7. Based on observation with the Facilities Director and the Inpatient Director on 06/02/21 at 12:07 p.m., there were non-rated wall length windows in the fire wall that were protected by a roiling fire door/window. Based on records review at 2:00 p.m., no documentation was provided to show if the roiling fire door/window has ever been inspected. Based on interview at the time of observation, the Facilities Director stated the roiling fire door/window has not been inspected since the building was built in 2015.
8. Based on observation with the Facilities Director and the Inpatient Director on 06/02/21 at 10:02 a.m., a remote emergency stop button for the diesel power generator could not be located. Based on interview at the time of observation, the Facilities Director stated the generator was not equipped with a remote emergency stop button.
9. Based on observation and interview, the facility failed to ensure 1 of 1 generators were provided with battery-powered emergency lighting. NFPA 110, 2010 Edition at section 7.3.1 requires the Level 1 or Level 2 EPS equipment location(s) shall be provided with battery-powered emergency lighting. This deficient practice could affect all patients in the facility.
10. Based on observation with the Facilities Director and the Inpatient Director on 06/02/21 at 10:02 a.m., the emergency generator which was enclosed within privacy fencing did not contain battery-powered emergency lighting. Based on an interview at the time of observation, the Facilities Director stated the generator was not provided with battery-powered emergency lighting.
11. The findings were reviewed with the Facilities Director and the Inpatient Director during the exit conference.
Tag No.: A0714
Based on observation, interview, and record review, the facility failed to provide a written plan that addressed all components in 1 of 1 written fire plans in accordance with 19.7.2.2. LSC 19.7.2.2 requires a written health care occupancy fire safety plan that shall provide for the following:
(1) Use of alarms
(2) Transmission of alarm to the fire department
(3) Emergency phone call to fire department
(4) Response to alarms
(5) Isolation of fire
(6) Evacuation of immediate area
(7) Evacuation of smoke compartment
(8) Preparation of floors and building for evacuation
(9) Extinguishment of fire
This deficient practice could affect all occupants.
Findings include:
Based on records review with the Facilities Director and the Inpatient Director on 06/02/21 at 11:02 a.m., the provided fire emergency plan lacked information on partial or horizontal evacuation from one smoke compartment beyond a smoke or fire barrier to the next smoke compartment. Also, the plan did not identify the locations of smoke/fire door in the barriers. Based on interview during records review, the Facilities Director agreed the fire emergency plan did not contain complete instruction for evacuation of smoke compartment.

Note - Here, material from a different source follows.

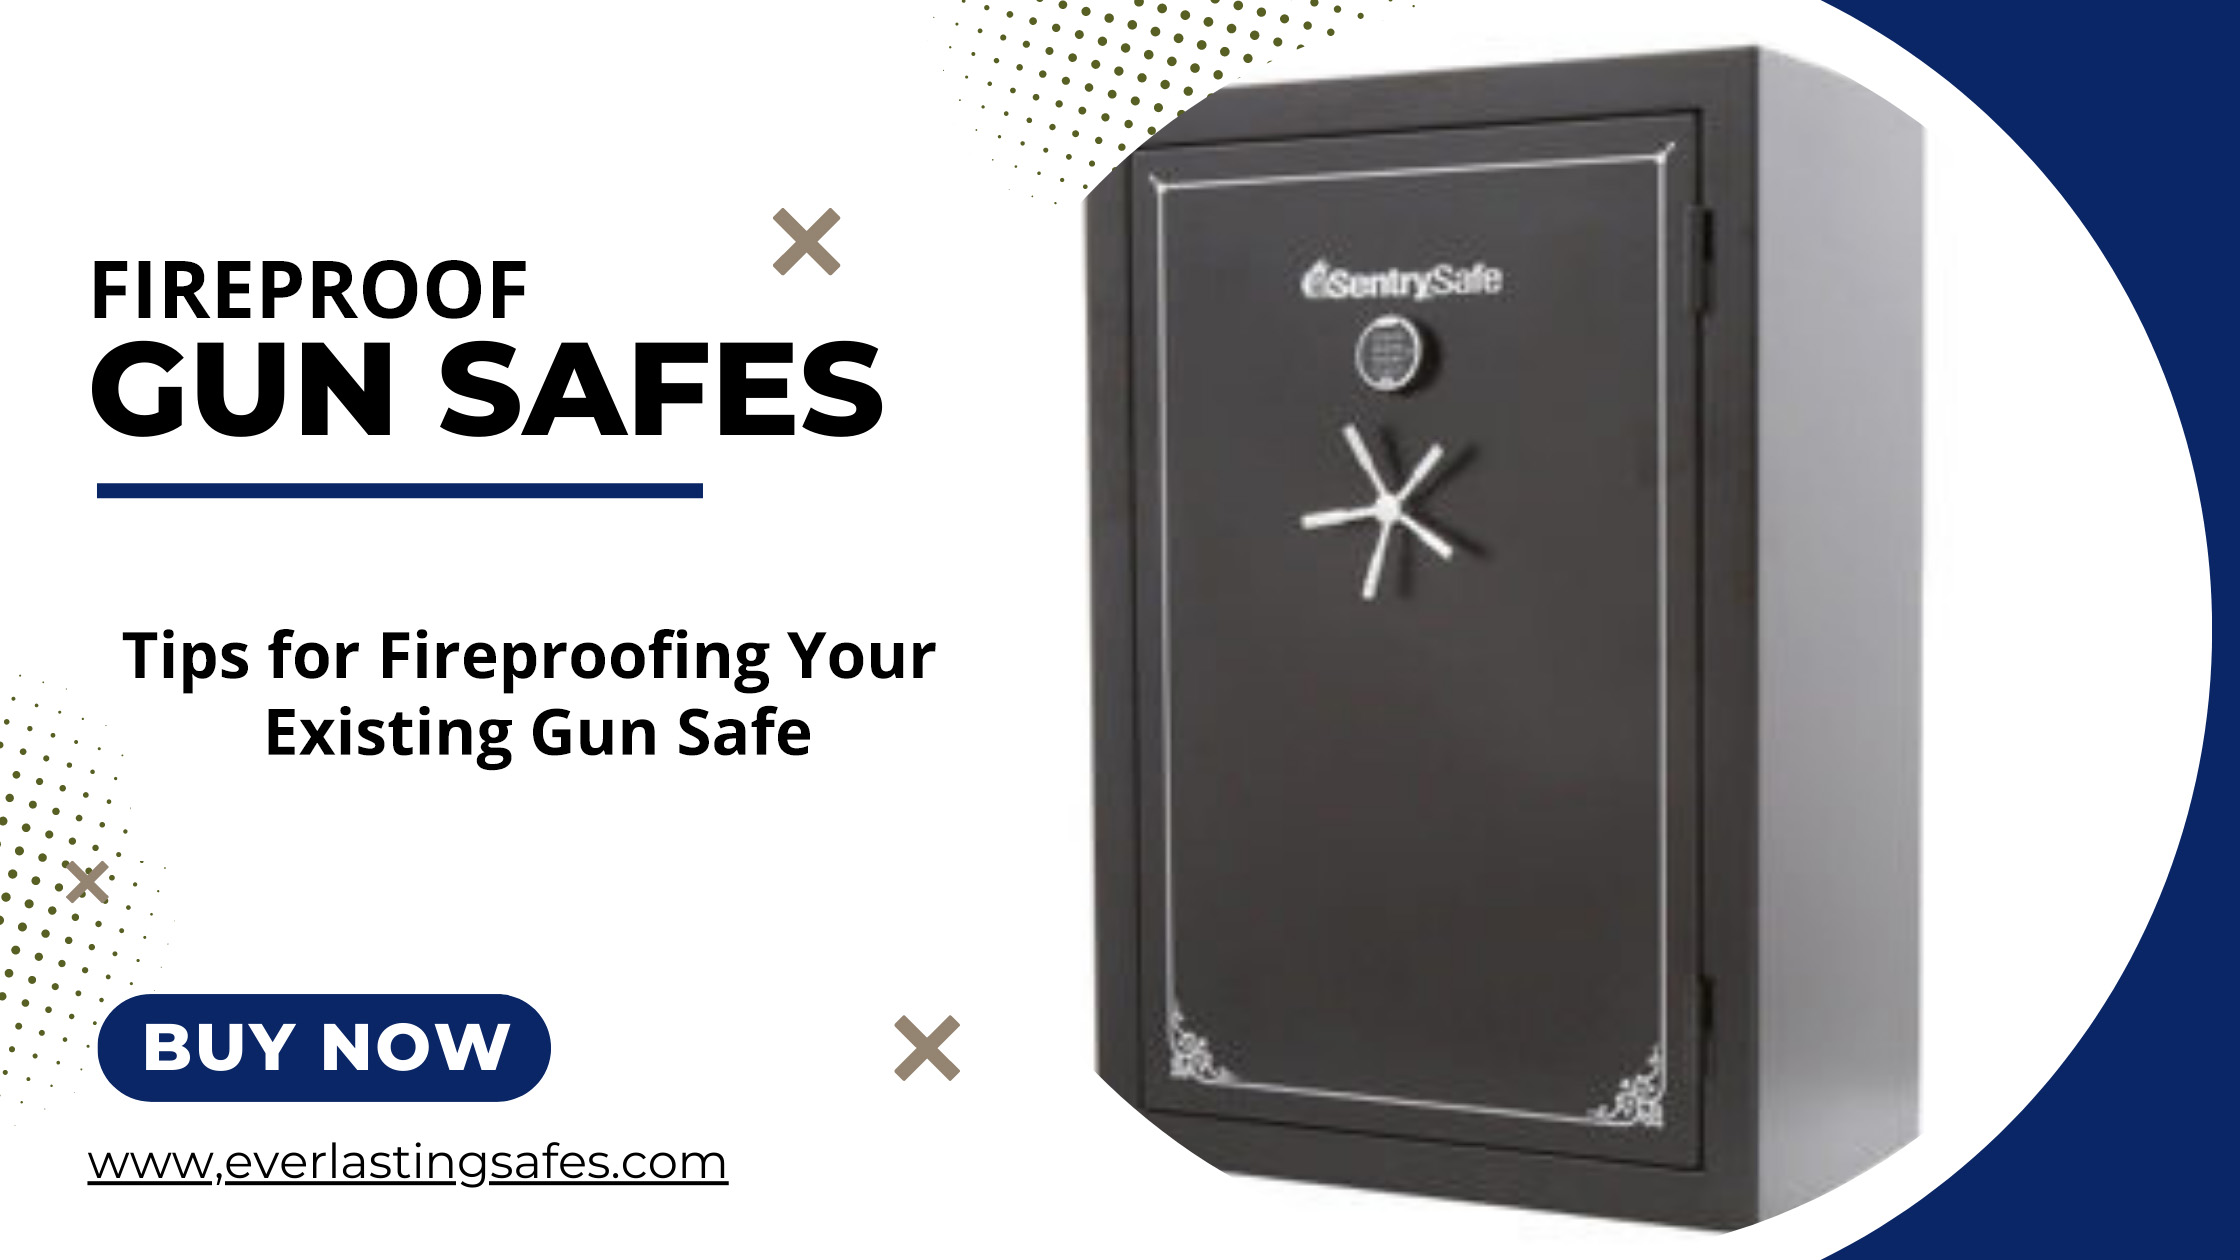 Tips for Fireproofing Your Existing Gun Safe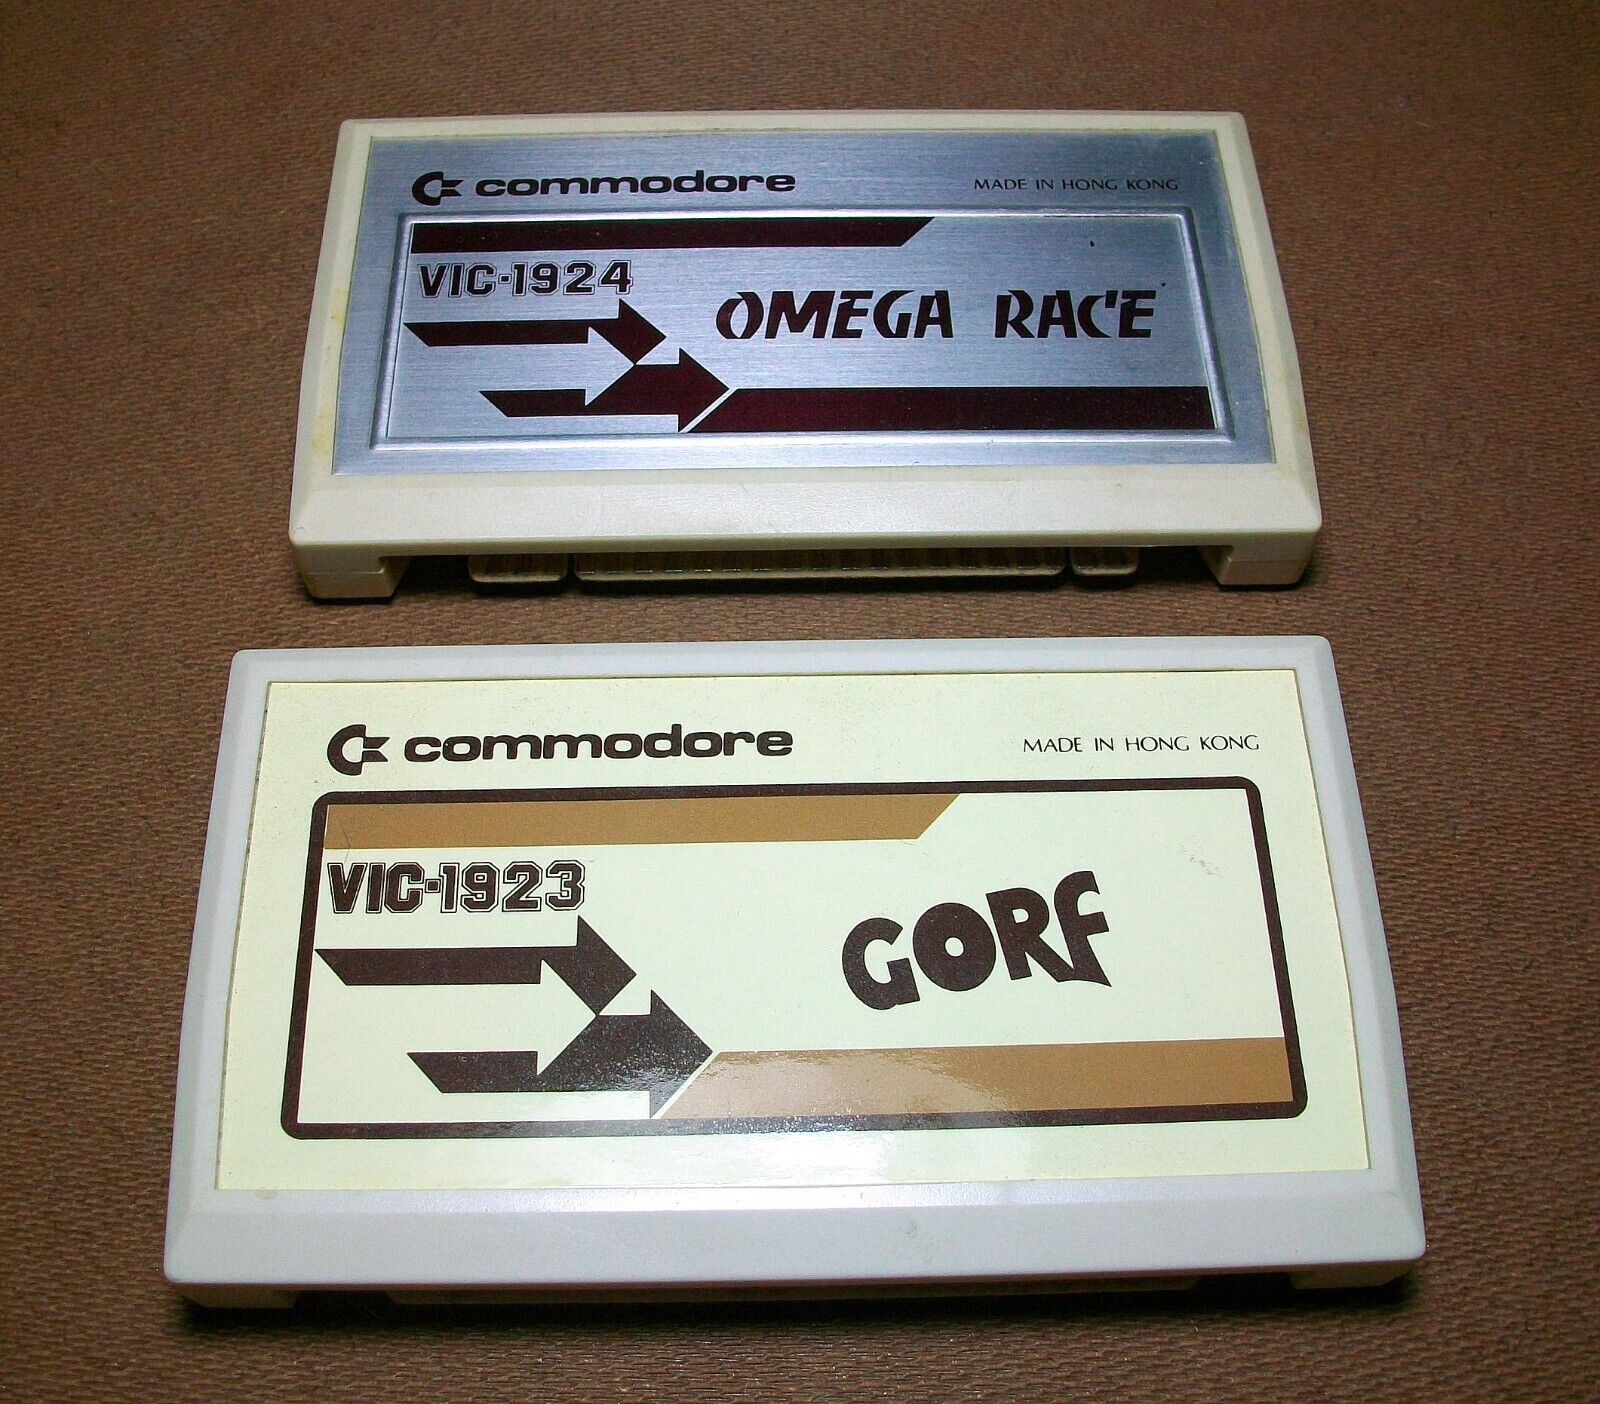 Lot of 2 GAME CARTRIDGES for Vintage Commodore VIC-20 Computer OMEGA RACE & GORF

The finding was reviewed with the Facilities Director and the Inpatient Director during the exit conference.
Tag No.: A0715
Based on document review and interview, the facility's inpatient unit (IPU) failed to maintain documentation of regular fire inspections by the State or local fire control agencies for one occurrence.
Findings include:
1. Review of the policy #3-413 Safety Inspections (approved 2-20) and the Fire Safety Management Plan (approved 10-19) lacked an indication for conducting regular fire safety inspections of the inpatient unit by a State or local fire control agency.
2. On 6-2-21 at 1715 hours, the IPU Operations Director A3 was requested to provide documentation indicating the most recent State and/or local fire inspection of the inpatient unit and none was provided prior to exit.
3. On 6-3-21 at 1235 hours, staff A3 indicated the most recent fire inspection of the IPU was conducted in 2018 and confirmed no documentation of an IPU fire inspection in 2019, 2020 and/or 2021 was available.